* SUPPLIED DATA *
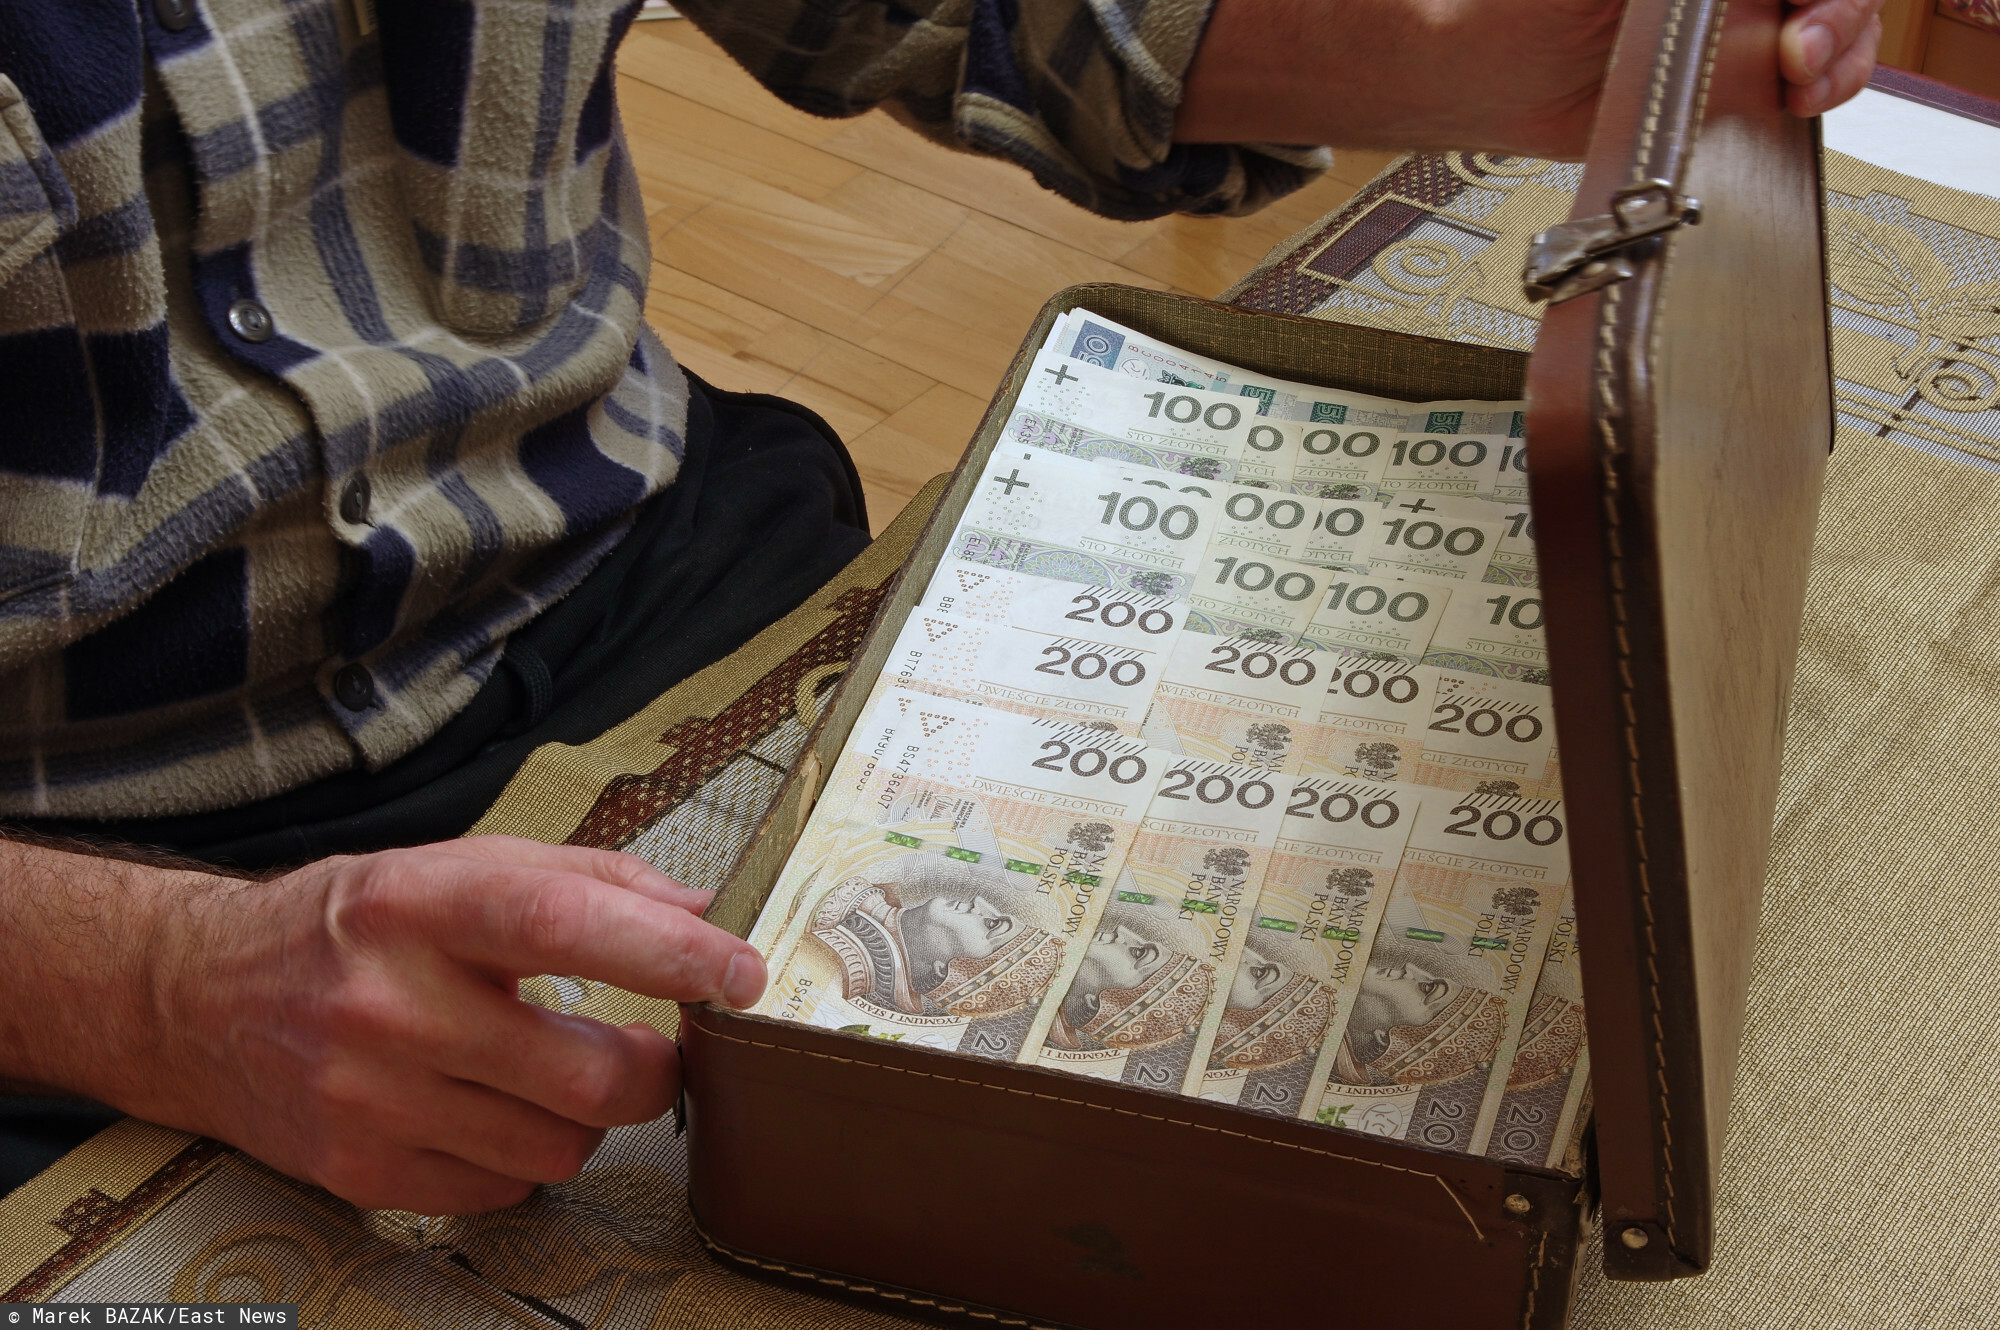 """Fot. Zofia i Marek Bazak/East News Bank w domu, walizka pelna pieniedzy, wielu seniorow trzyma swoje oszczednosci w domu, nie posiadajac kont bankowych padaja ofiara przestepcow wyludzajacych oszczednoscu calego zycia metodami """"na wnuczka"""" lub """"na policjanta""""."""
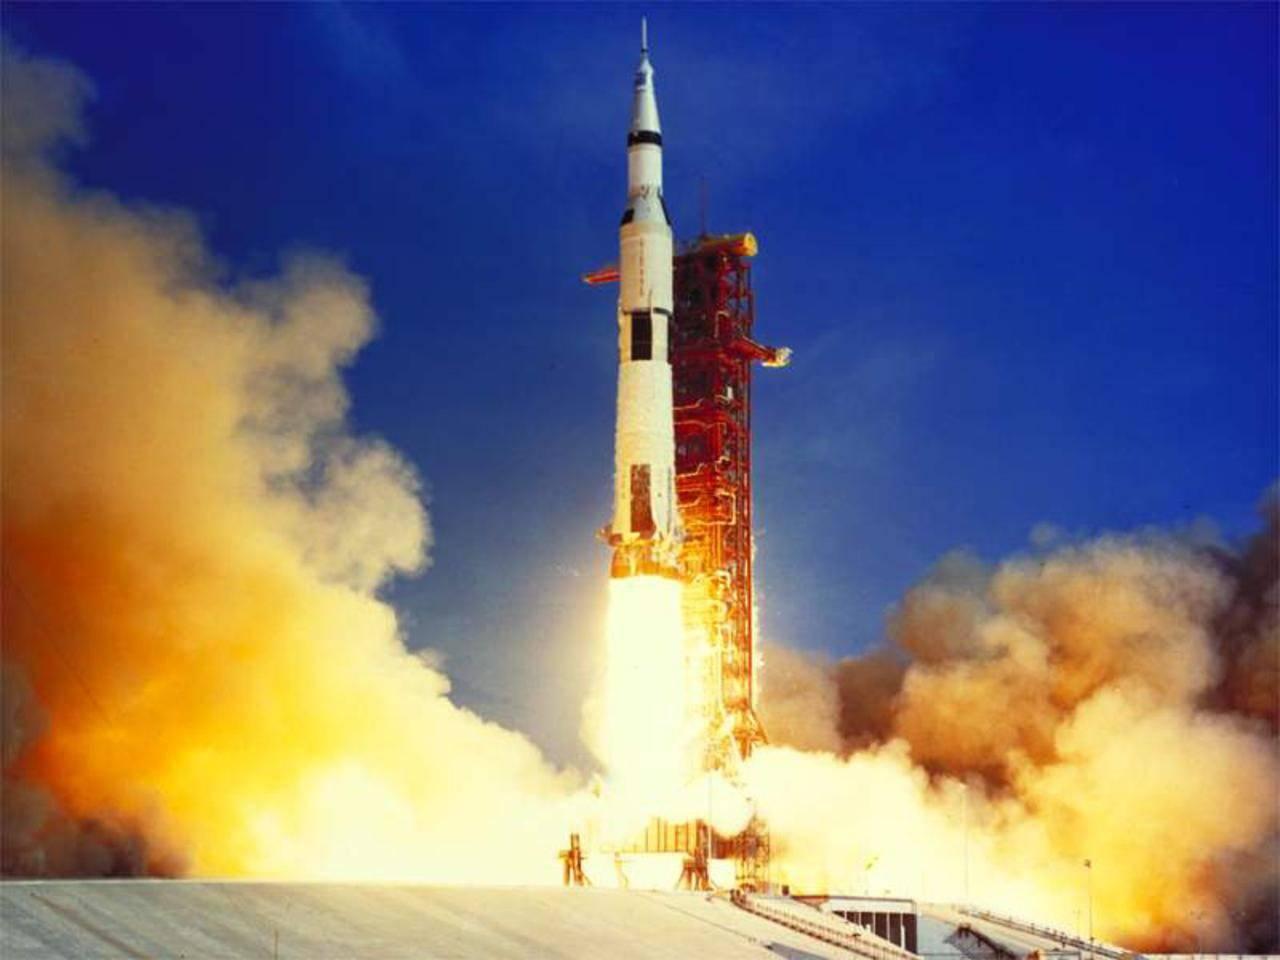 Misja Apollo 11 - lądowanie człowieka na Księżycu 27
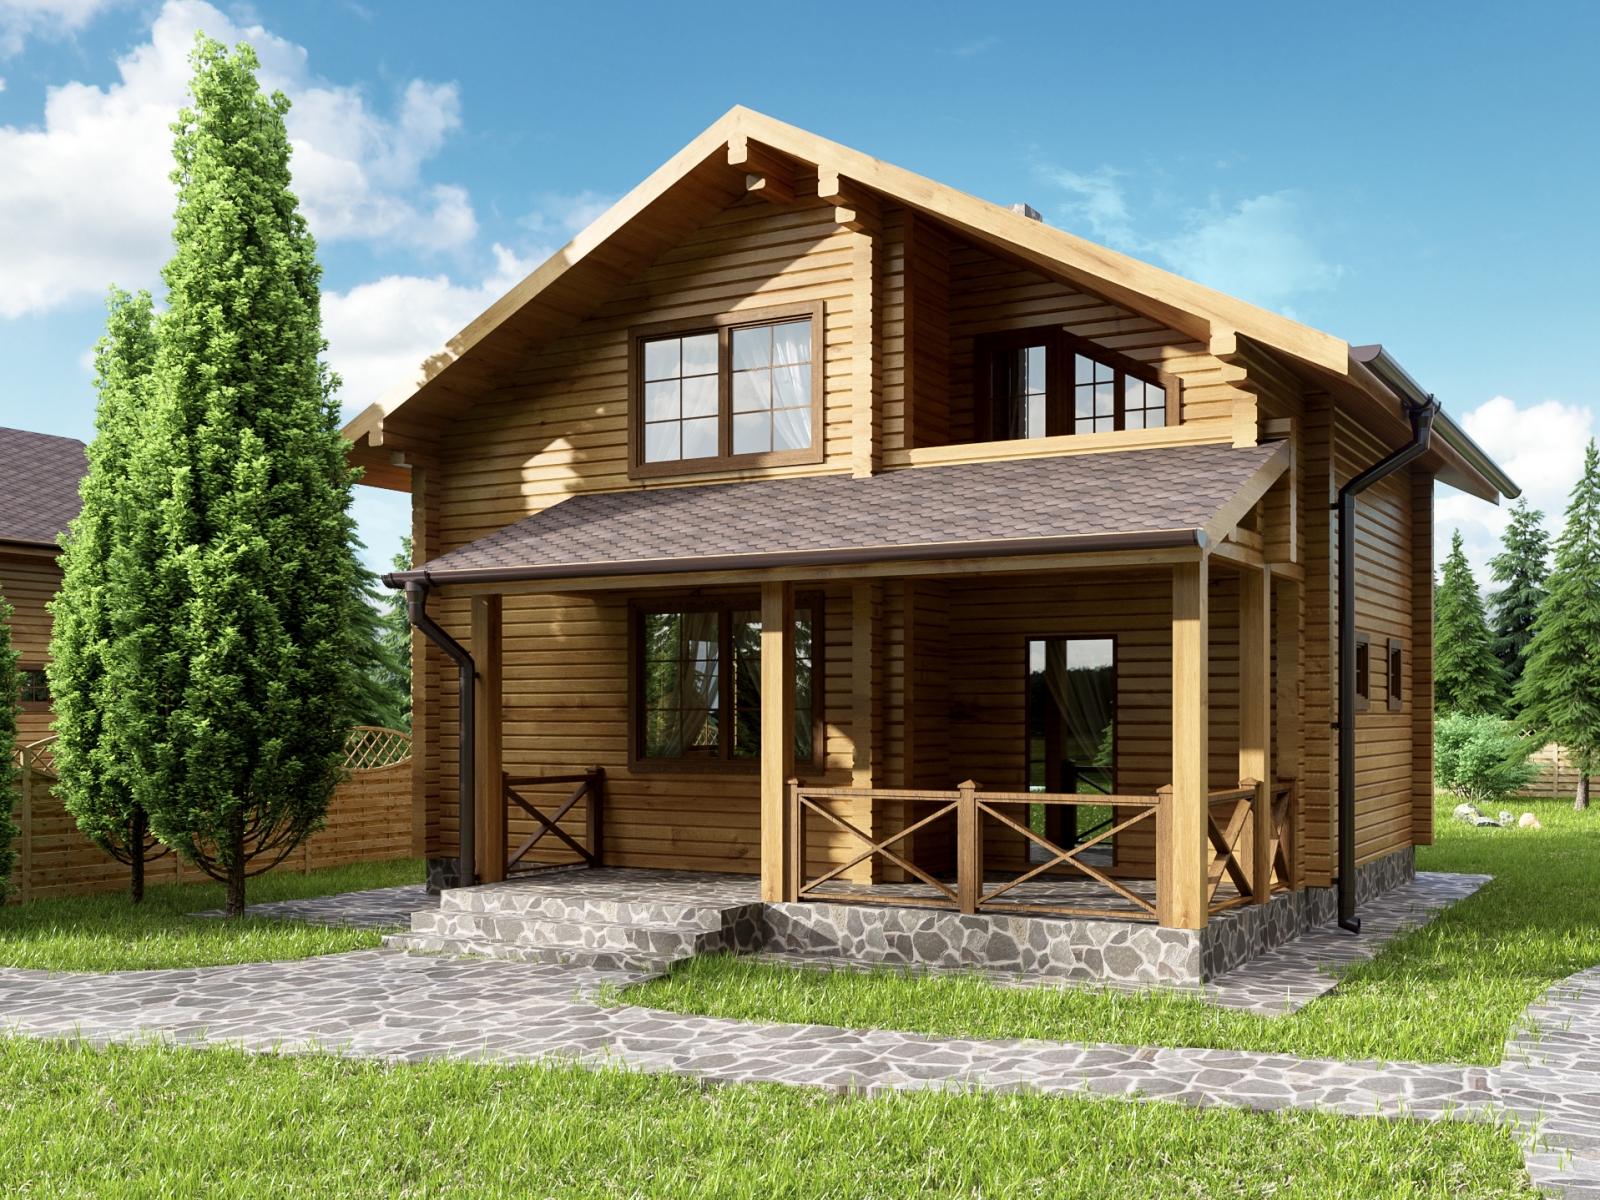 Stylish Wood House Visualisation

* EXERCISE GOAL *
Copy every line of the data exactly as written, excluding the pictures.

* EXERCISE RESULT *
 """Fot. Zofia i Marek Bazak/East News Bank w domu, walizka pelna pieniedzy, wielu seniorow trzyma swoje oszczednosci w domu, nie posiadajac kont bankowych padaja ofiara przestepcow wyludzajacych oszczednoscu calego zycia metodami """"na wnuczka"""" lub """"na policjanta""""."""
 Misja Apollo 11 - lądowanie człowieka na Księżycu 27
 Stylish Wood House Visualisation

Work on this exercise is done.